Re: [PATCH v1 1/2] powercap: intel_rapl: Prepare read_raw interface for atomic-context callers

From: Raag Jadav

Date: Sat Feb 14 2026 - 11:12:42 EST


On Sat, Feb 14, 2026 at 07:31:04AM -0800, Sathyanarayanan Kuppuswamy wrote:
> On 2/13/26 10:37 PM, Raag Jadav wrote:
> > On Thu, Nov 20, 2025 at 04:05:38PM -0800, Kuppuswamy Sathyanarayanan wrote:
> > > The current read_raw() implementation of the TPMI, MMIO and MSR
> > > interfaces does not distinguish between atomic and non-atomic callers.
> > >
> > > rapl_msr_read_raw() uses rdmsrq_safe_on_cpu(), which can sleep and
> > > issue cross CPU calls. When MSR-based RAPL PMU support is enabled, PMU
> > > event handlers can invoke this function from atomic context where
> > > sleeping or rescheduling is not allowed. In atomic context, the caller
> > > is already executing on the target CPU, so a direct rdmsrq() is
> > > sufficient.
> > >
> > > To support such usage, introduce an atomic flag to the read_raw()
> > > interface to allow callers pass the context information.

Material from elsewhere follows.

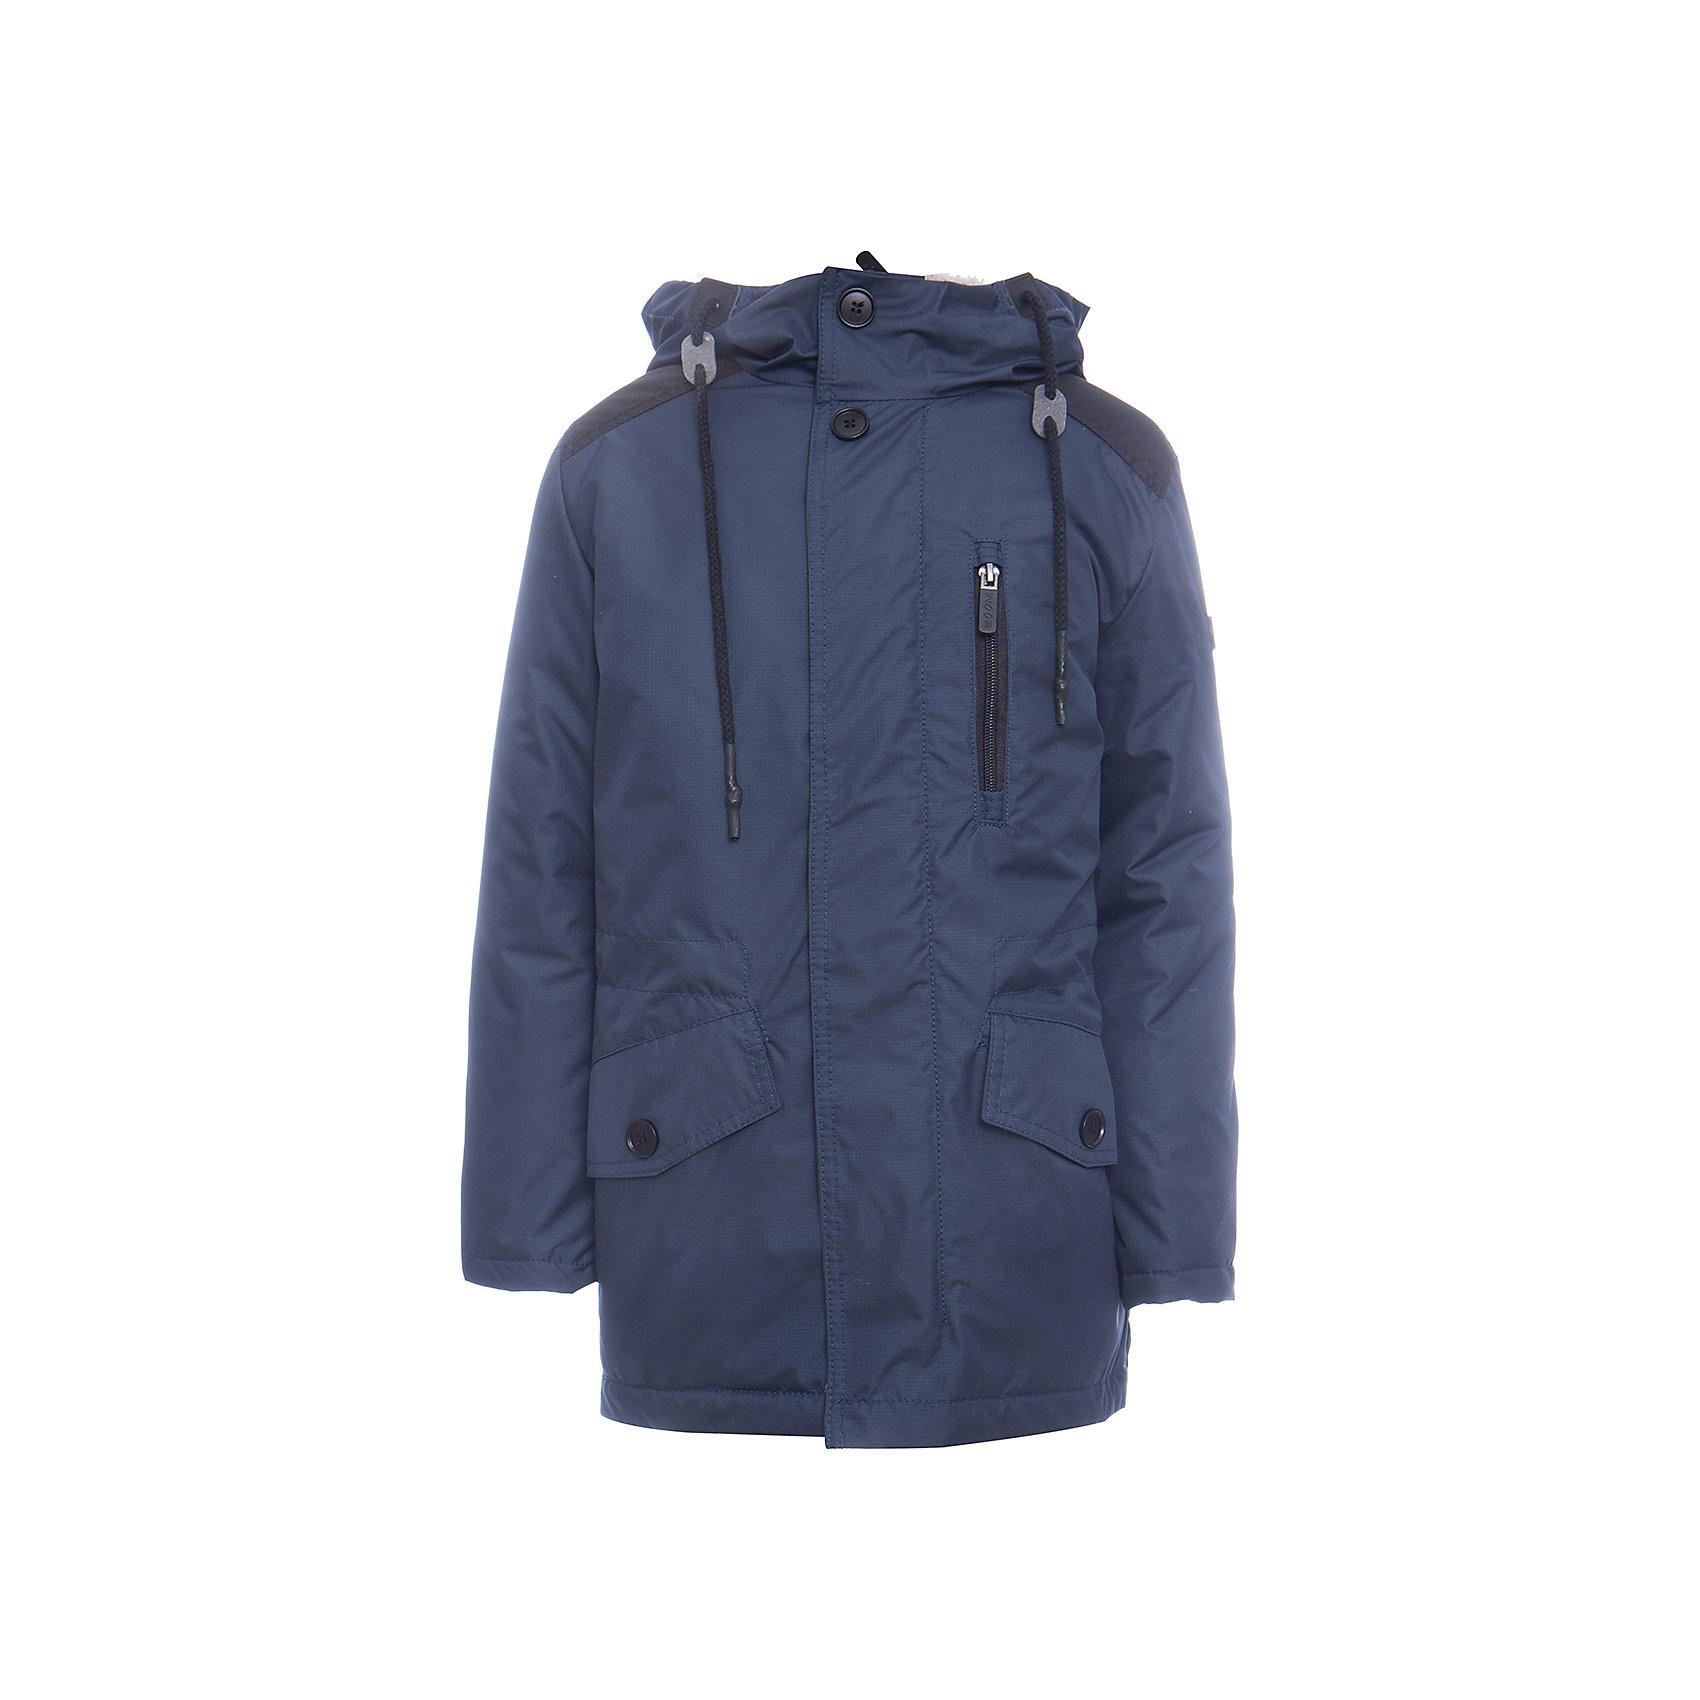 Куртка-парка BOOM by Orby для мальчикаВерхняя одежда<br>Характеристики товара:<br><br>• цвет: синий<br>• ткань верха: Таффета peach pu<br>• подкладка: ПЭ пуходержащий; Мех иск. на трикотажной основе<br>• утеплитель: Flexy Fiber 150 г/м2, пристежка - Flexy Fiber 100 г/м2<br>• отделка: Таслан pu milky<br>• сезон: демисезон<br>• температурный режим: от +15°до -10°С<br>• особенности: на молнии<br>• тип куртки: парка с подстежкой<br>• капюшон: без меха, несъемный<br>• страна бренда: Россия<br>• страна изготовитель: Россия<br><br>Благодаря утеплителю, оптимальному прилеганию и капюшону такая куртка защитит ребенка от холода и сырости в демисезон. Эта модная парка дополнена внутренней пристежкой с утеплителем. <br><br>Куртку-парку BOOM by Orby для мальчика можно купить в нашем интернет-магазине.<br><br>Ширина мм: 356<br>Глубина мм: 10<br>Высота мм: 245<br>Вес г: 519<br>Цвет: синий<br>Возраст от месяцев: 144<br>Возраст до месяцев: 156<br>Пол: Мужской<br>Возраст: Детский<br>Размер: 158,104,110,98,116,122,128,134,140,146,152<br>SKU: 7007430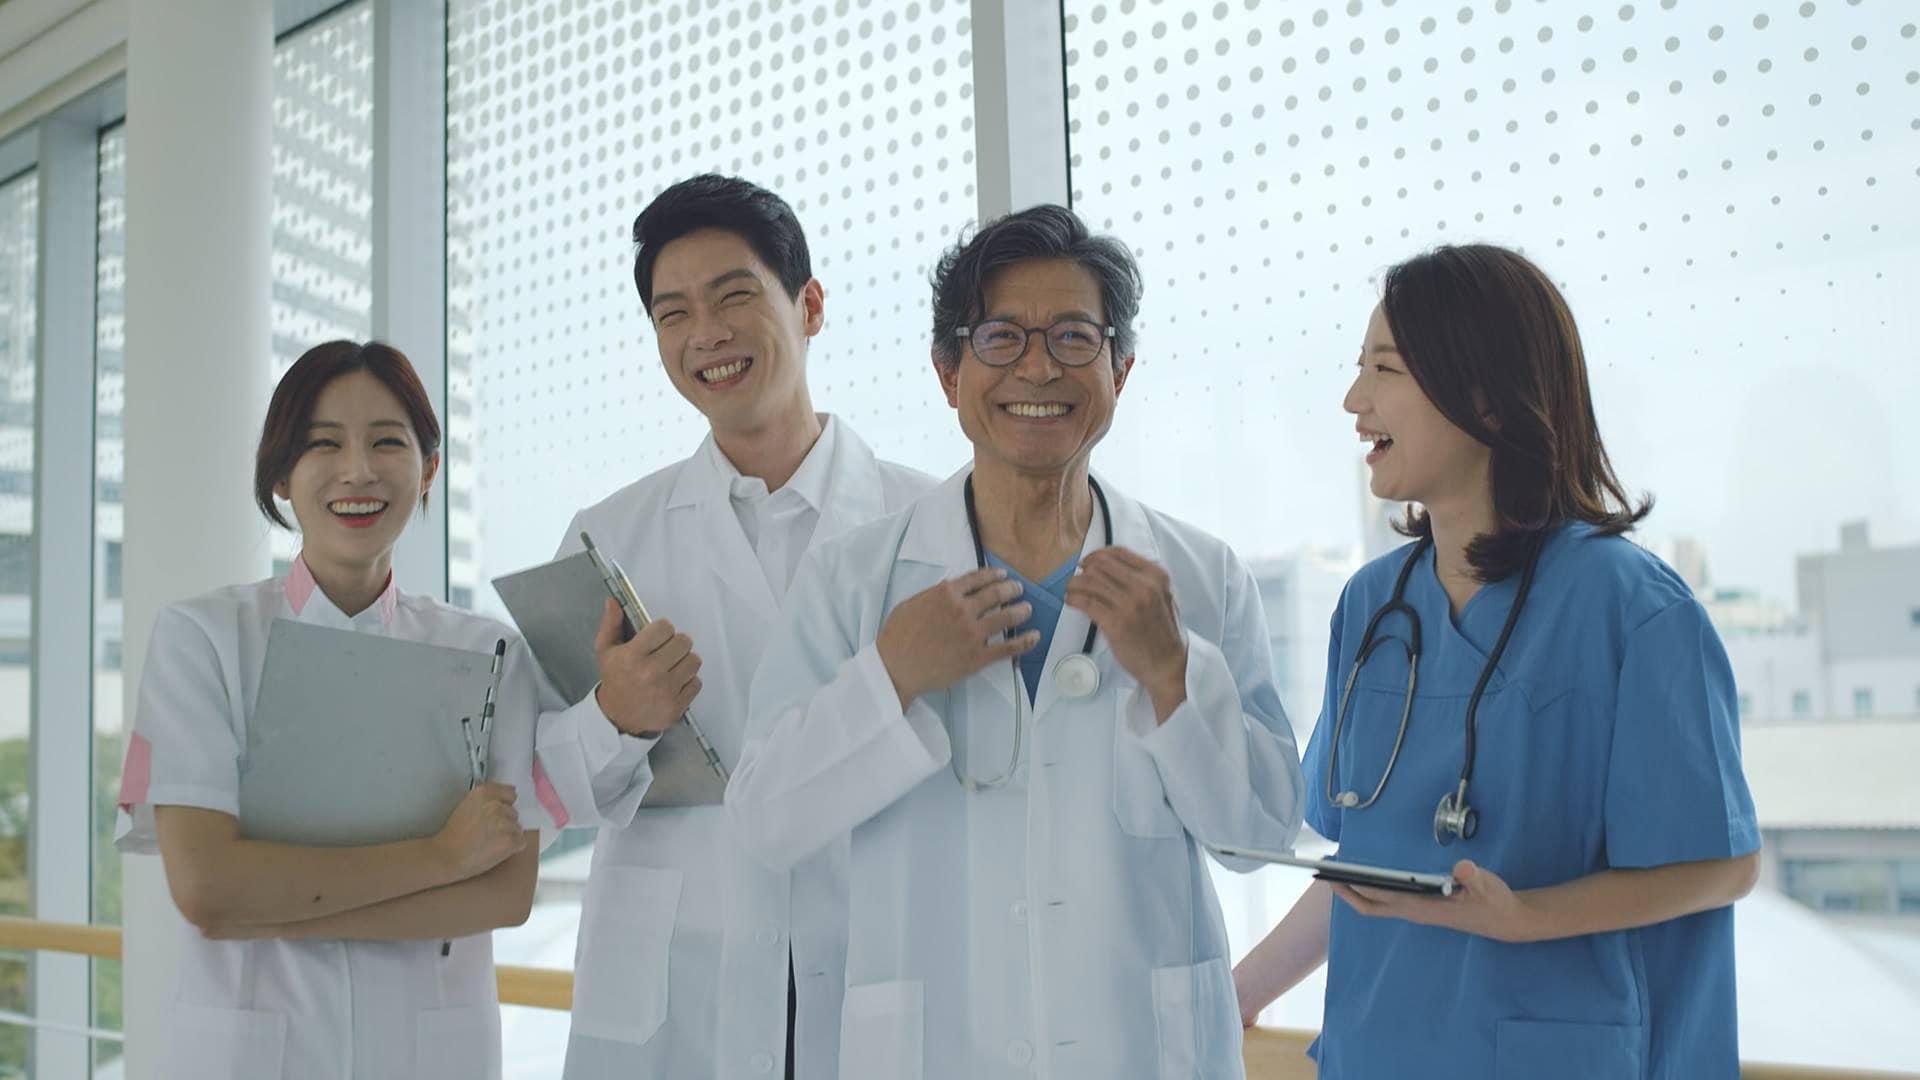 دراسة الطب في كوريا الجنوبية

Modify the
> > > common RAPL code to propagate this flag, and set the flag to reflect
> > > the calling contexts.
> > >
> > > Utilize the atomic flag in rapl_msr_read_raw() to perform direct MSR
> > > read with rdmsrq() when running in atomic context, and a sanity check
> > > to ensure target CPU matches the current CPU for such use cases.
> > >
> > > The TPMI and MMIO implementations do not require special atomic
> > > handling, so the flag is ignored in those paths.
> > >
> > > This is a preparatory patch for adding MSR-based RAPL PMU support.
> > ...
> >
> > > -static int rapl_msr_read_raw(int cpu, struct reg_action *ra)
> > > +static int rapl_msr_read_raw(int cpu, struct reg_action *ra, bool atomic)
> > > {
> > > + /*
> > > + * When called from atomic-context (eg PMU event handler)
> > > + * perform MSR read directly using rdmsrq().
> > > + */
> > > + if (atomic) {
> > > + if (unlikely(smp_processor_id() != cpu))
> > > + return -EIO;
> > This series breaks[1] our application[2] in cases where the reads are
> > issued from any available CPU it is scheduled on. This issue is not seen on
> > older platforms which use the original arch/x86 RAPL implementation.
> >
> > Can someone please shed some light on the change of userspace expectations?
> > Or did I miss any points in the documentation?
> >
> > [1] https://gitlab.freedesktop.org/drm/xe/kernel/-/issues/6935
> > [2] https://gitlab.freedesktop.org/drm/igt-gpu-tools/-/blob/master/lib/igt_power.c
>
> The access with non-lead CPUs is fixed by following series:
>
> https://lore.kernel.org/linux-pm/CAJZ5v0gh_3y4+2qepC5Mqos+y+kBfGgeEKdmL5s6J4MBGcrQzw@xxxxxxxxxxxxxx/T/#mabe68b0d5c3e5571c9333ff915d38562ec7fed71
>
> Can you please re-test with this above series?

Working now, thanks for the fix :)

Raag

> > > + rdmsrq(ra->reg.msr, ra->value);
> > > + goto out;
> > > + }
> > > +
> > > if (rdmsrq_safe_on_cpu(cpu, ra->reg.msr, &ra->value)) {
> > > pr_debug("failed to read msr 0x%x on cpu %d\n", ra->reg.msr, cpu);
> > > return -EIO;
> > > }
> > > +
> > > +out:
> > > ra->value &= ra->mask;
> > > return 0;
> > > }
>
> --
> Sathyanarayanan Kuppuswamy
> Linux Kernel Developer
>